A Twitter thread about an Aussie phrase left many people confused. Photo / Getty Images
A Twitter thread about an Aussie phrase left many people confused. Photo / Getty Images
A New Zealander went viral on Twitter after pointing out the strange phrase Australians use to refer to playground slides - and most people say they've never heard it before.
Reid Parker, a New Zealander living in Australia, tweeted that he had just learnt that Australians call slides "slippery dips".
"I just found out that loads of Australians call slides 'slippery dips'," he posted.
"We sure do ... and if you wear your tracky dacks on the slippery dip you'll go heaps faster," someone replied.

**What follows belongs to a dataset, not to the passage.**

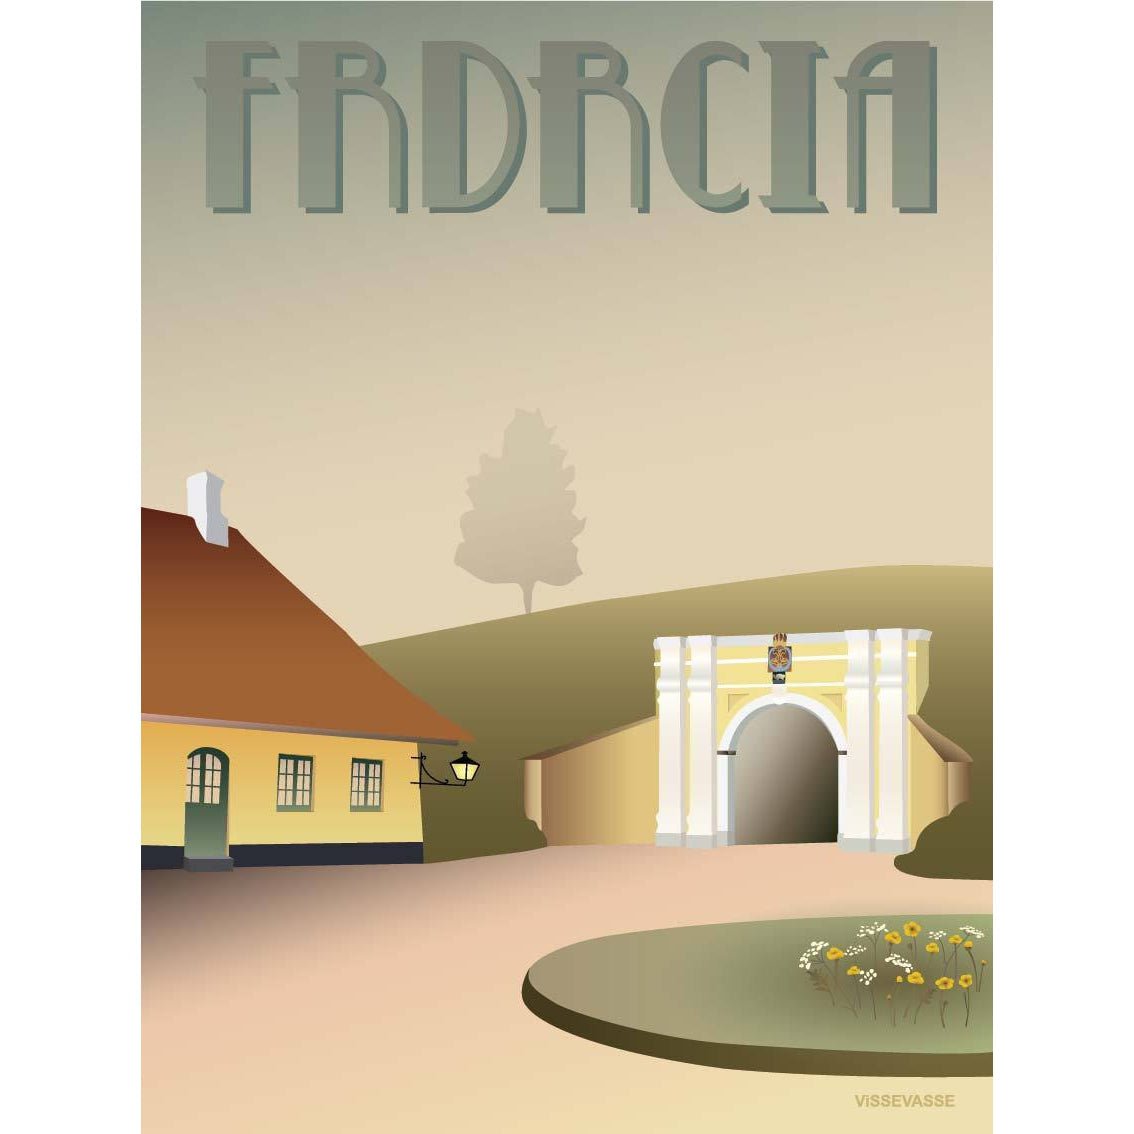 Vissevasse Fredericia City Gate Poster, 15x21 cm

"Slippery dips are a hoot, both descriptively and in reality. And no, weird is calling the rubber things you wear on your feet in summer 'jandals'. It isn't the least bit weird to call them 'thongs'," someone else said.
"Slides are what business people use in presentations," another person replied.
It is not clear whether it is a phrase commonly used across all of Australia but people in both Queensland and New South Wales are reportedly familiar with the term.
One Twitter user pointed out that, in fact, "slides" and "slippery dips" are different things:
"A slide is a straight line. A Slippery Dip has bumps in it. A really big slide is called a Giant Slide, and a really big Slippery Dip is called a Big Dipper," the person wrote.
"People who call an actual slide a slippery dip have hung upside down from the monkey bars for too long."